Both versions call a function at the same offset (240i64) from a1.

(*(void (__fastcall **)(QWORD, __int128 *))(**(QWORD **)a1 + 240164))(*(_QWORD *)a1, &v11);

But these functions clearly have some differences in what they’re computing so futher analysis is needed to see if another function was inlined in the new version, replacing the tail-call in the second version. The interface is pretty clunky compared with Diaphora because the BinDiff GUI can only display the call graphs of the functions.
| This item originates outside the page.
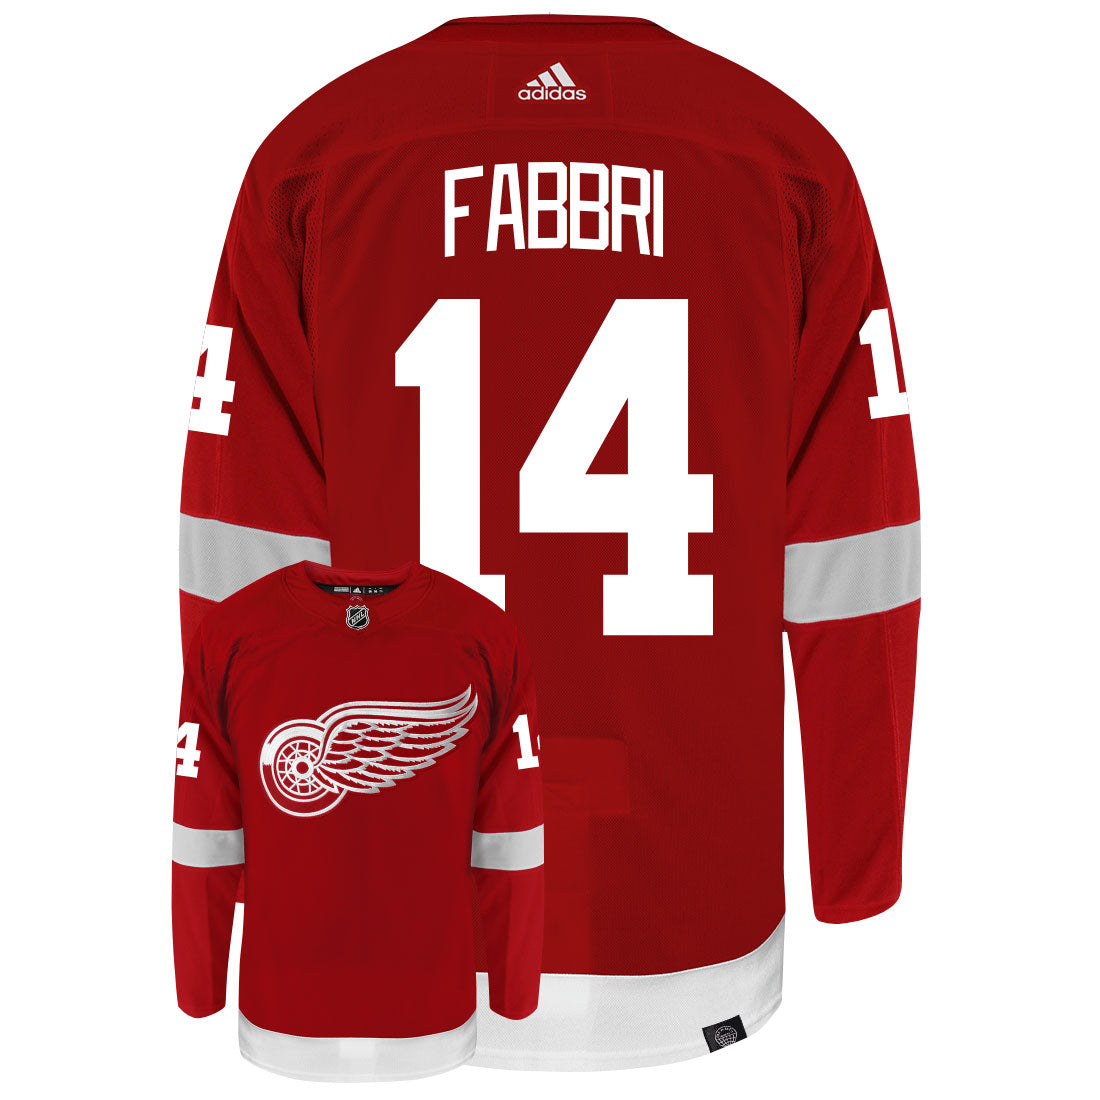 Robby Fabbri Detroit Red Wings Adidas Primegreen Authentic NHL Hockey Jersey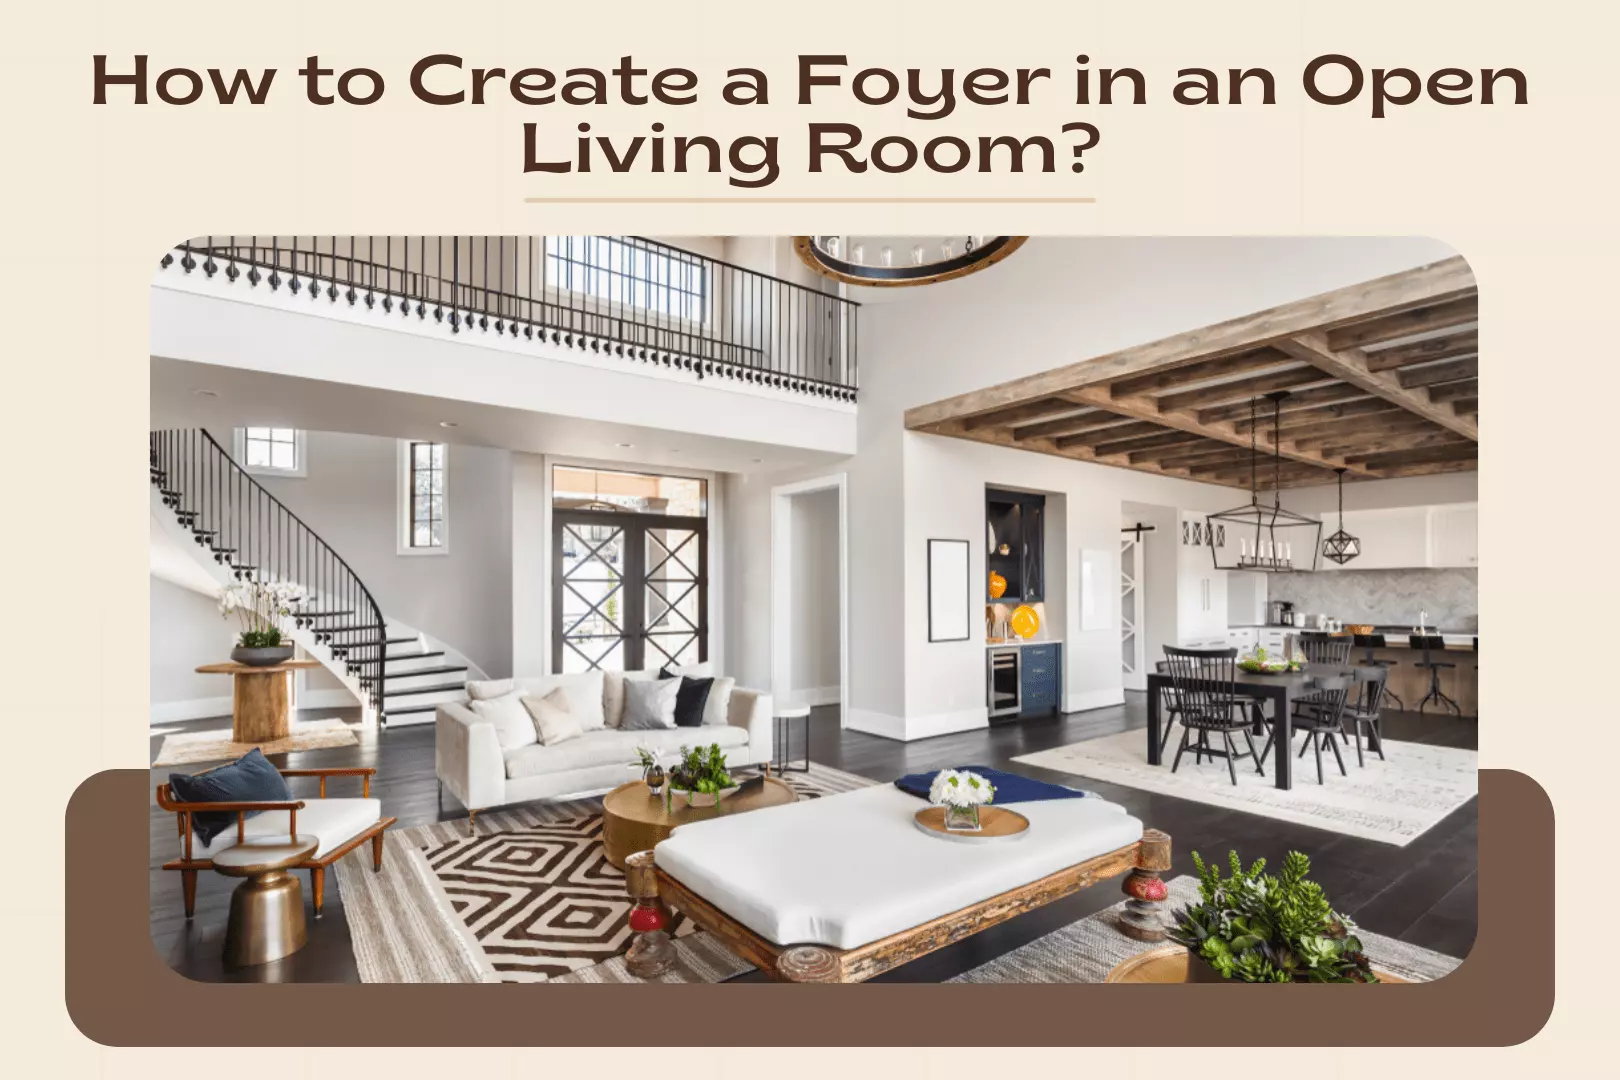 How To Create A Foyer In An Open Living Room: Essential Steps And Tips?

In order to view the changes yourself, you will have to copy the primary and secondary address of each match then inspect those locations in separate IDA instances.

Extensibility

BinDiff is written in C++ so it is a bit trickier to extend but you can add new heuristics here and here without too much difficulty.

MatchingStepsFlowGraph GetDefaultMatchingStepsBasicBlock() {
    ...
    for (auto* step : std::initializer_list<MatchingStepFlowGraph*>{
            ...
            new MyCustomMatcher(), // new heuristic
            }) {
        (*algorithms)[step->name()] = step;
    }
    ...
}

namespace security::bindiff {
class MyCustomMatcher : public MatchingStepFlowGraph {
public:
    MyCustomMatcher()
        : MatchingStepFlowGraph("coinToss", "Coin Toss") {}

    bool FindFixedPoints(FlowGraph* primary, FlowGraph* secondary,
                         const VertexSet& vset1, const VertexSet& vset2,
                         FixedPoint *fixed_point, MatchingContext *ctx,
                         MatchingStepFlowGraph *matching_steps) override;
private:
    void GetUnmatchedBasicBlocksByLuck(const FlowGraph *flow_graph,
                                       const VertexSet& verts,
                                       VertexIntMap *basic_blocks_map);
}

bool MyCustomMatcher::FindFixedPoints(
        FlowGraph* primary, FlowGraph* secondary,
        const VertexSet& vset1, const VertexSet& vset2,
        FixedPoint *fixed_point, MatchingContext *ctx,
        MatchingStepFlowGraph *matching_steps) {
    VertexIntMap vmap1;
    VertexIntMap vmap2;
    GetUnmatchedBasicBlocksByLuck(primary,   vset1, &vmap1);
    GetUnmatchedBasicBlocksByLuck(secondary, vset2, &vmap2);
    return FindFixedPointsBasicBlockInternal(primary, secondary, &vmap1, &vmap2,
                                             fixed_point, ctx, matching_steps);
}

void MyCustomMatcher::GetUnmatchedBasicBlocksByLuck(
        const FlowGraph *flow_graph, const VertexSet &verts,
        VertexIntMap *basic_blocks_map) {
    basic_blocks_map->clear();
    for (auto vertex : vertices)
        if (!flow_graph->GetFixedPoint(vertex))
            // randomly map our vertex to an int, maybe we're right :)
            basic_blocks_map->emplace(rand(), vertex);
}
} // namespace security::bindiff

Clearly, this is a decent amount of code compared to Diaphora but that is what you get with C++. Similarly with Diaphora, a decent amount of effort will be needed to add new database fields.

Summary

The Diaphora user experience is much nicer than BinDiff. However, Diaphora is unable to work with “large” binaries so it is pretty limited in its utility. If you are able to use Diaphora then I would recommend it but otherwise rely on BinDiff.